Especialistas enfatizam, no entanto, que os placebos só parecem funcionar no contexto de uma relação de confiança e apoio entre paciente e médico. “É a empatia, atenção, apoio emocional, consideração e o toque humano entre paciente e médico”, diz Kaptchuk. “Você não pode simplesmente tomar um Tic Tac ou uma pílula de açúcar. Não funciona sem um médico.”

Cláudia Ferreira de Carvalho, a psicóloga clínica que conduziu o estudo que ajudou Craveiro, concorda. “O placebo de uso aberto é muito mais do que prescrever pílulas ou tratamentos inertes”, diz ela.

Embora os cientistas tenham identificado condições mais propensas a responder ao efeito placebo, ainda não conseguem explicar por que ele funciona em alguns pacientes e não em outros. “Essa é uma questão realmente importante”, diz Kaptchuk. “Não há um perfil consistente e confiável de quais pacientes respondem. A pesquisa está cheia de respostas contraditórias. Não é gênero, idade, gravidade da condição, e não há qualidades de personalidade que indiquem quem responderá ou não. É por isso que o placebo é tão misterioso e difícil.”

Pesquisadores acreditam que o tratamento com placebo pode ter um papel importante na prática médica. Uma maneira de introduzi-lo seria adicioná-lo à terapia atual do paciente — eles continuariam tomando os medicamentos regulares enquanto adicionam um placebo, um processo conhecido como “placebos de extensão de dose”. Isso poderia reduzir a dosagem dos medicamentos regulares ou até mesmo eliminá-los completamente, diminuindo os efeitos colaterais e o risco de dependência de opióides.

“O objetivo principal seria combinar o efeito real de um medicamento com eficácia comprovada com o efeito placebo produzido pelo cérebro quando o paciente espera que o medicamento funcione”, diz Grégory Scherrer. “Para isso, os clínicos precisam agir e entregar o tratamento de uma forma que maximize as expectativas. Isso poderia permitir que pacientes em terapia medicamentosa com efeitos colaterais, incluindo aqueles que tomam opióides potencialmente viciantes, tenham uma alternativa mais segura com os mesmos resultados positivos.”

Historicamente, os placebos foram usados como “controles” em estudos para testar novos medicamentos ou tratamentos quando não havia um tratamento padrão disponível. O objetivo é determinar a eficácia de uma nova terapia comparando-a a um placebo, com todos os participantes sem saber qual estavam recebendo. O efeito placebo entrava em ação se ambos os grupos melhorassem, o que poderia confundir os resultados.

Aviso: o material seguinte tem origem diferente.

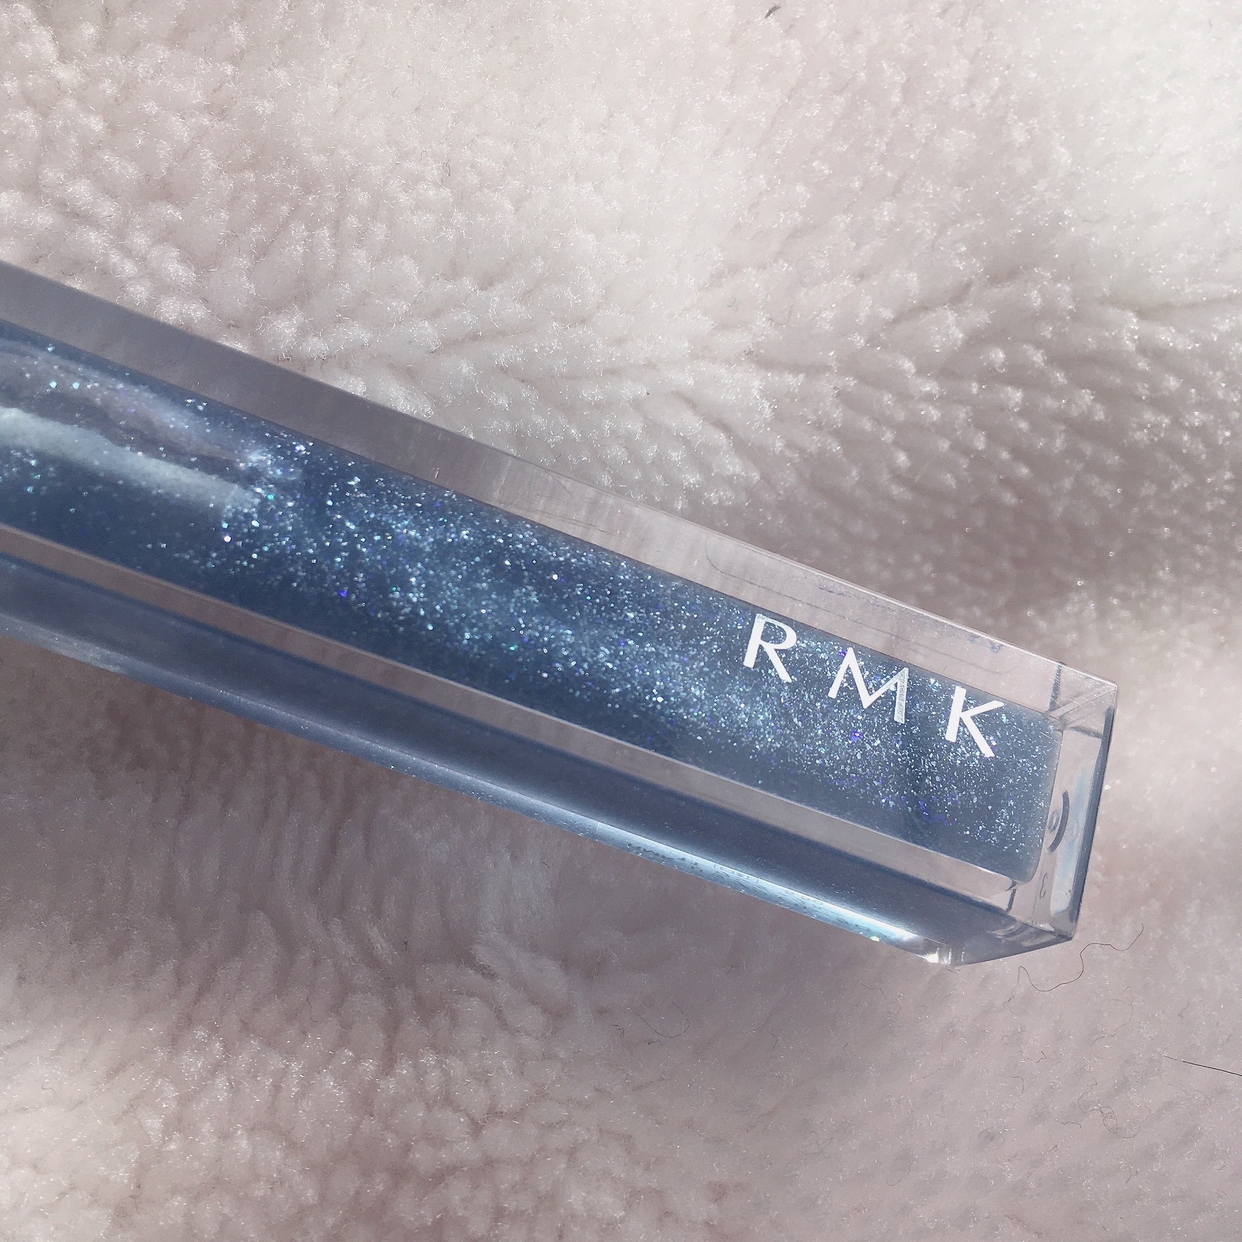 RMK(アールエムケー) リップジェリーグロスを使ったあいうえさんのクチコミ画像2

Imagens cerebrais sugerem que o efeito placebo funciona ao estimular certas regiões do cérebro a secretar endorfinas — neurotransmissores que podem aliviar a dor, o estresse e melhorar o humor, diz Colloca. “Liberamos endorfinas quando esperamos nos sentir melhor, e essa mentalidade contribui para a percepção de redução da dor e outros sintomas, como ansiedade e fadiga”, diz ela. “A melhora dos sintomas está relacionada à ativação nas regiões do cérebro ligadas à cognição, incluindo expectativas.”

No entanto, os mecanismos de ação podem variar entre os indivíduos, “o que explica por que alguns pacientes se beneficiam e outros não”, acrescenta ela.

Para pacientes como Craveiro, no entanto, pouco importa como funciona — apenas que funciona. Com a dor dela agora eliminada, ela não precisa mais tomar ibuprofeno — ou um placebo. “Realmente funcionou”, diz ela. “Toda a experiência mudou minha vida.”